= David Lowe (socialist) =

Scottish socialist activist (1867–1947)

David Lowe (1867 - 18 November 1947) was a Scottish socialist activist.

Born in Dundee, Lowe moved to Glasgow in his youth, where he worked closely with Keir Hardie, becoming the first assistant editor of the Labour Leader newspaper. He returned to Dundee in 1888, still working for the newspaper, and becoming the leading figure in the Scottish Labour Party in the city. At the 1892 general election, he was the election agent for James MacDonald's unsuccessful candidacy in Dundee. He subsequently joined the Independent Labour Party, and through that became a founding activist in the Labour Party.

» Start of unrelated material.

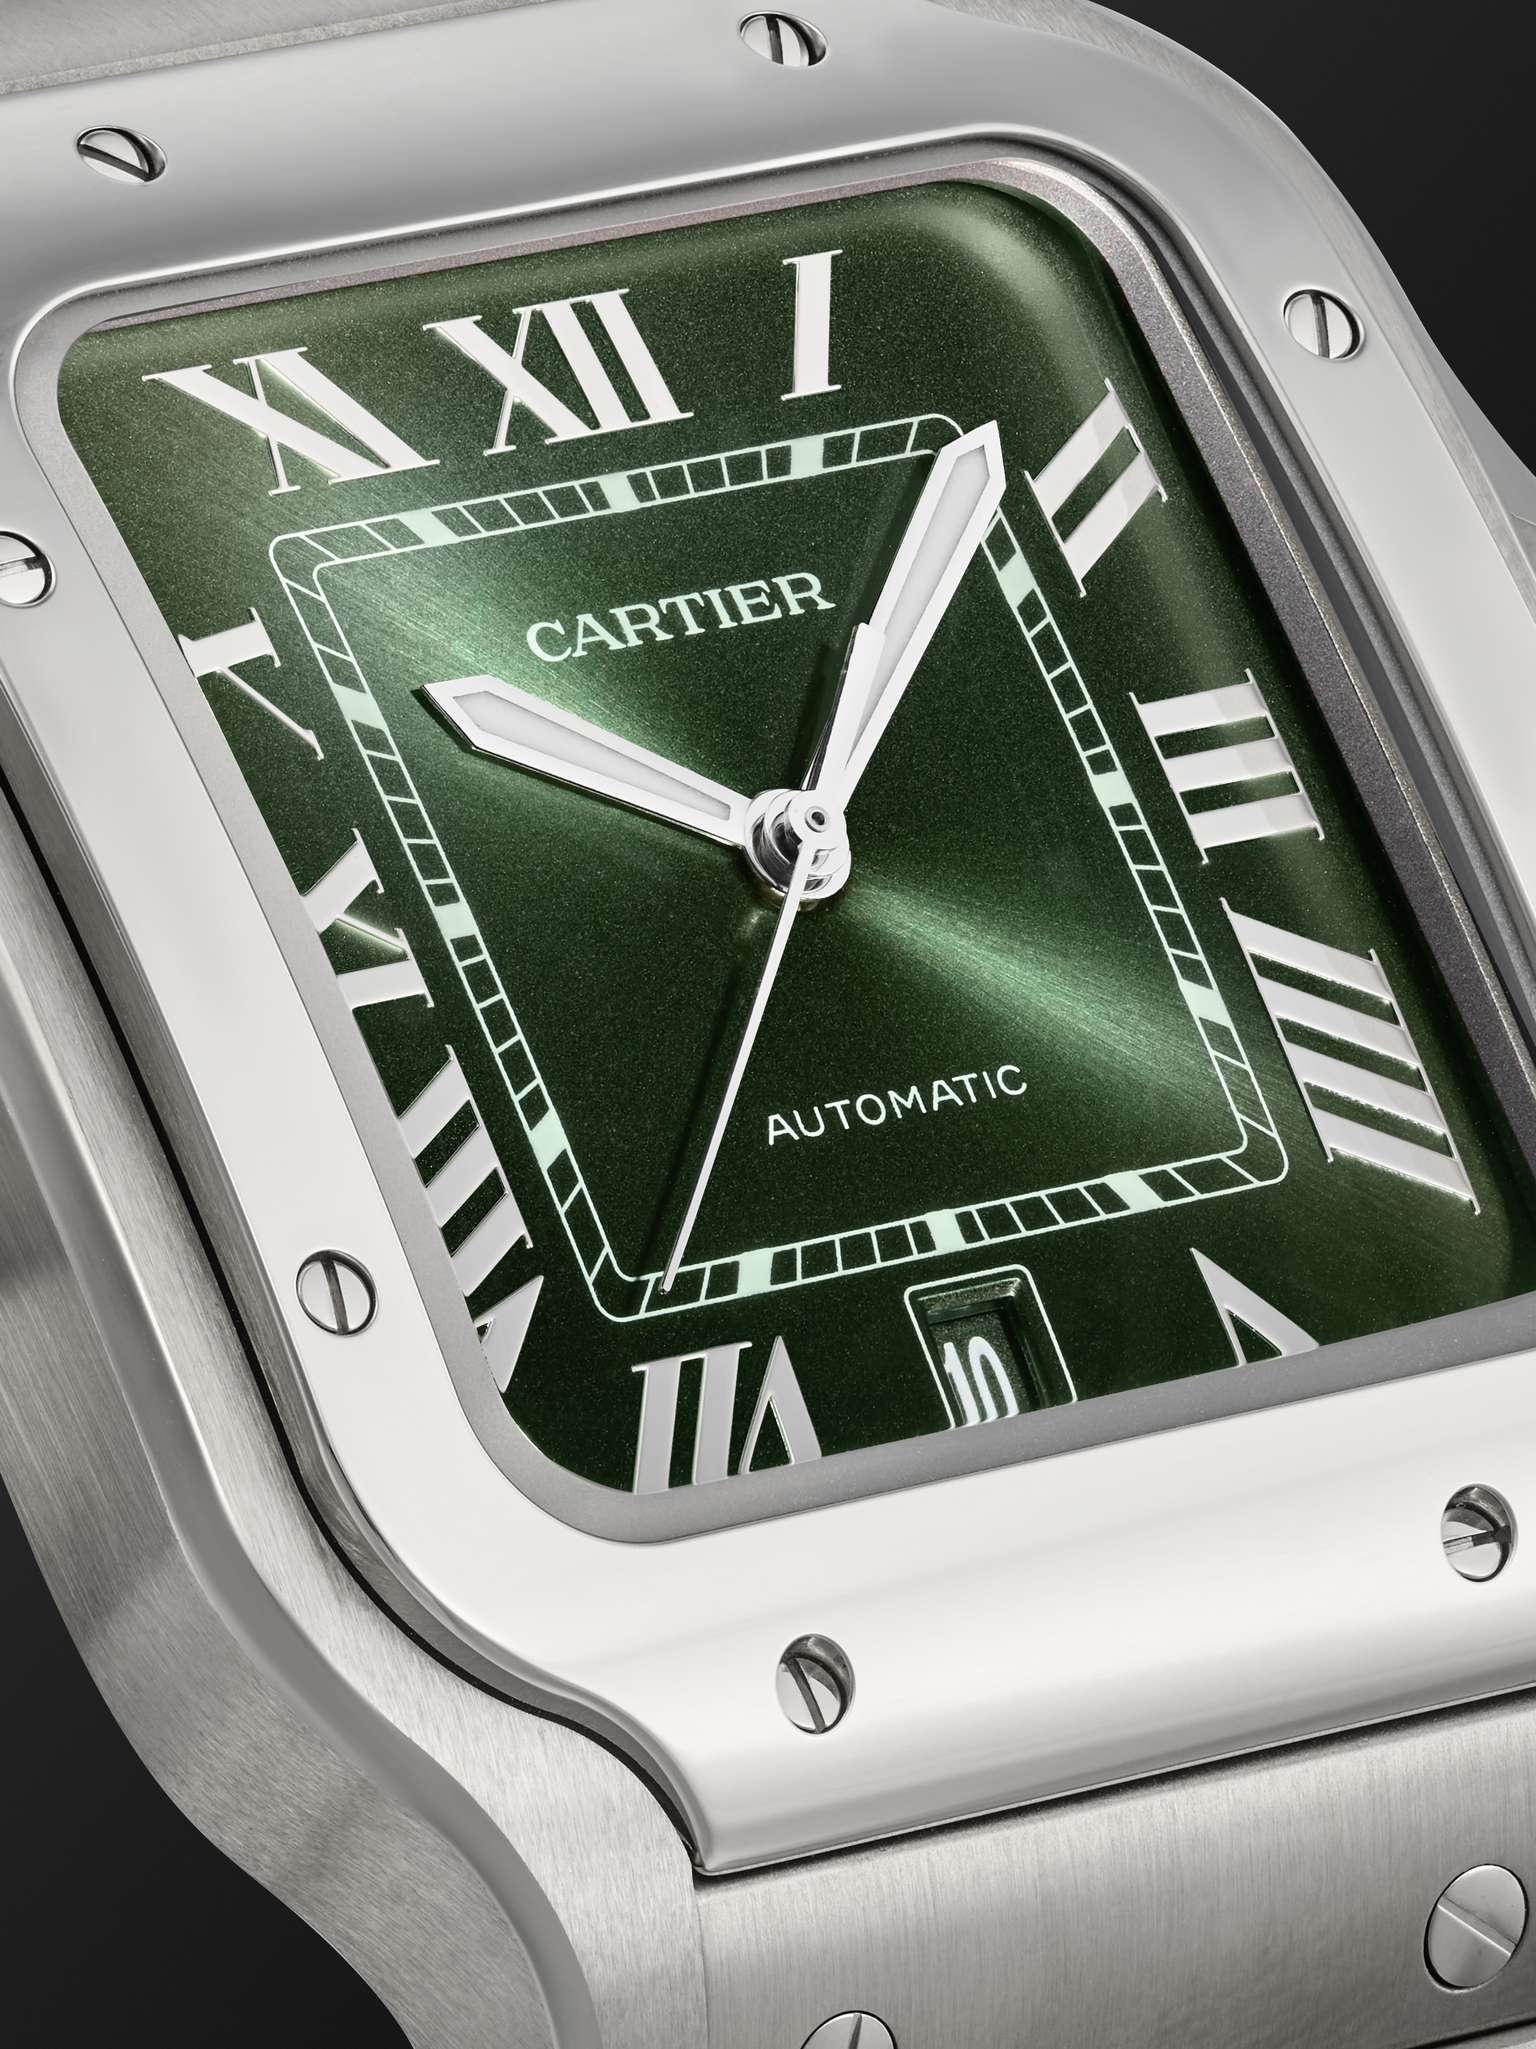 Santos de Cartier Automatic 39.8mm Interchangeable Stainless Steel and Alligator Watch, Ref. No. CRW - 5

Lowe continued to write in support of the labour movement throughout his life, notably writing Souvenirs of Scottish Labour in 1919, a history of the Scottish Labour Party. He remained a close lifelong friend of Hardie's.

Lowe was an accomplished writer, with many of his works kept at the Mitchell Library in Glasgow. He was an acknowledged expert on Robbie Burns, wrote poetry and plays and a biography of Keir Hardie. Works include 'From Pit to Parliament - the story of the early life of James Keir Hardie', 'A Scots Wanderjahre', 'Sonnets of Sweet Sorrow', 'Gift of the Night and Other Poems', 'Ballad of a Great City', 'A Man of Leisure - a play in three acts'.

David Lowe married Annie Greig and they had two children.